Were Steven Spielberg to replace the San Fernando setting of E.T. with a rural Finnish house doused heavily in Cath Kidston-inspired pastels, while reimagining his homesick alien as the manifestation of a 12-year-old girl’s repressed vengeful impulses, it might look something like new film Hatching. It’s the debut feature from director Hanna Bergholm: an equal parts familiar and bizarre coming-of-age tale about a young girl who nurtures a mysterious egg with suitably gruesome consequences.
Despite being light on genuine frights, the film, penned by screenwriter Ilja Rautsi, deals in some weighty ideas about womanhood. Startling newcomer Siiri Solalinna stars in what gradually becomes a striking dual role, playing the timid gymnast who hatches something monstrous in her bedroom when she finds an egg in the woods one night. Of course, the doppelganger narrative is nothing novel in horror, but here it is given a nifty contemporary twist as Tinja (Solalinna) navigates family life with a spiteful younger brother (Oiva Ollila), a passive father (Jani Volanen) and an overbearing mother (Sophia Heikkila on wonderfully wicked form) consumed by her relentlessly upbeat vlog series entitled Lovely Everyday Life.
That the gooey-feathered monster – birthed tellingly from Tinja’s tears – eventually comes to resemble her gives Hatching its shrewd double meaning. The arrival of the creature, nicknamed ‘Alli’ after a creepy children’s tune, comes to not only represent the horrifying physical manifestation of the fury Tinja increasingly struggles to supress, but also serves as a neatly observed satire of the artifice and faux perfection of the social media age.

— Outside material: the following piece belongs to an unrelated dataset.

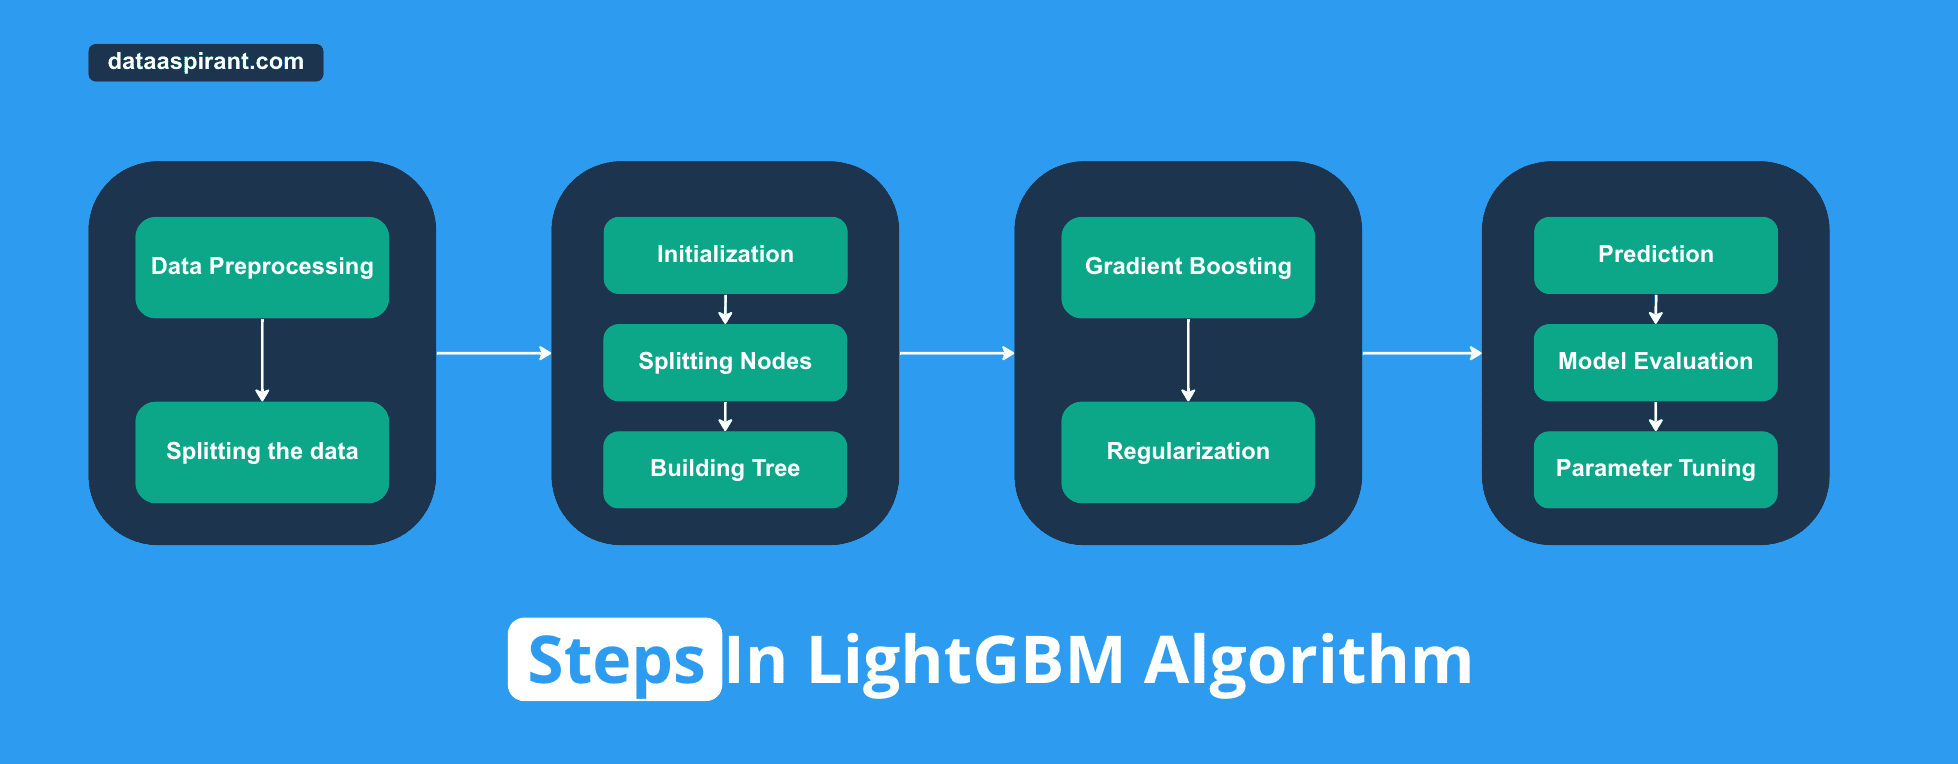 Steps in LightGBM Algorithm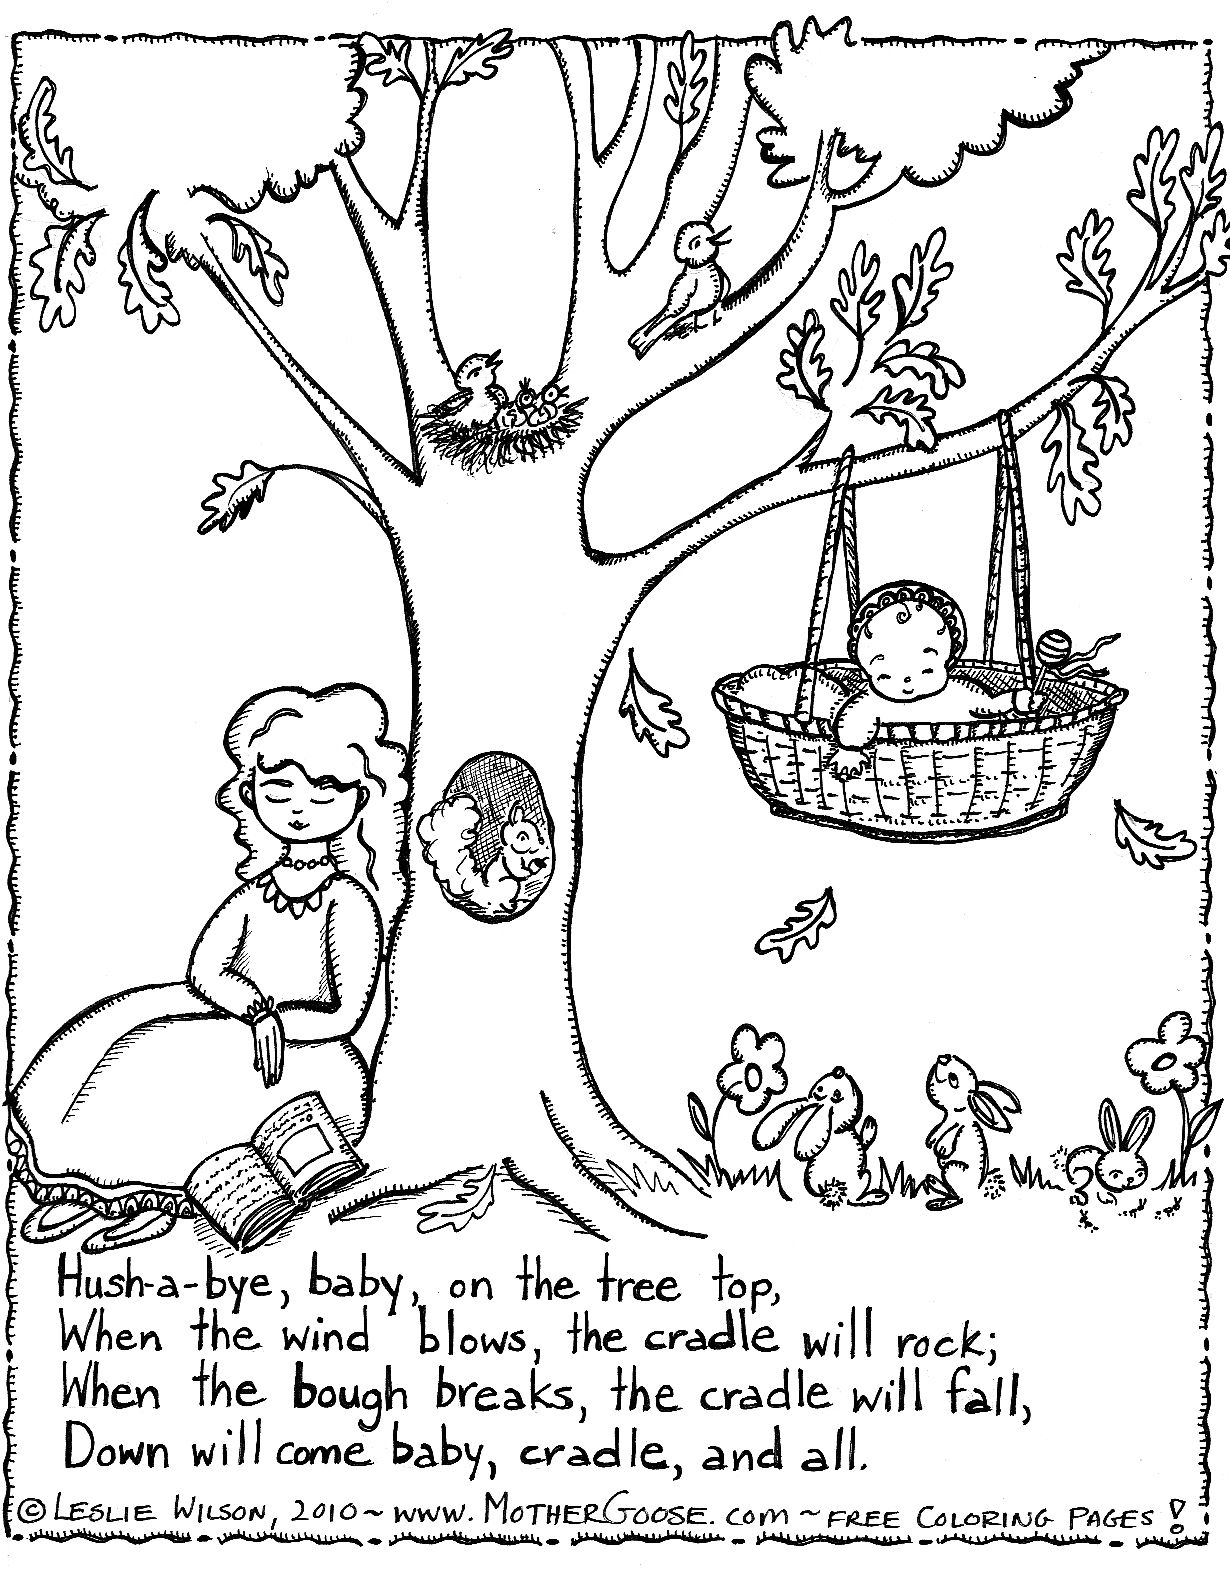 Nursery Rhyme Coloring Page | Teaching - Nursery Rhymes/mother Goose - Mother Goose Coloring Pages Free Printable

With meditations on conformity, parenting and puberty thrown into the mix, to mine such rich thematic depths across an economic runtime means many of Hatching’s ideas as a film feel disappointingly underdeveloped. Crucially, though, Bergholm and Rautsi give their central characters just enough complexity to render the lines between victim and villain suitably blurred. That, coupled with the fine animatronics work of Gustav Hoegen and SFX makeup brilliance of Conor O’Sullivan, makes for a satisfyingly dark, contemporary fairytale that has plenty on its mind.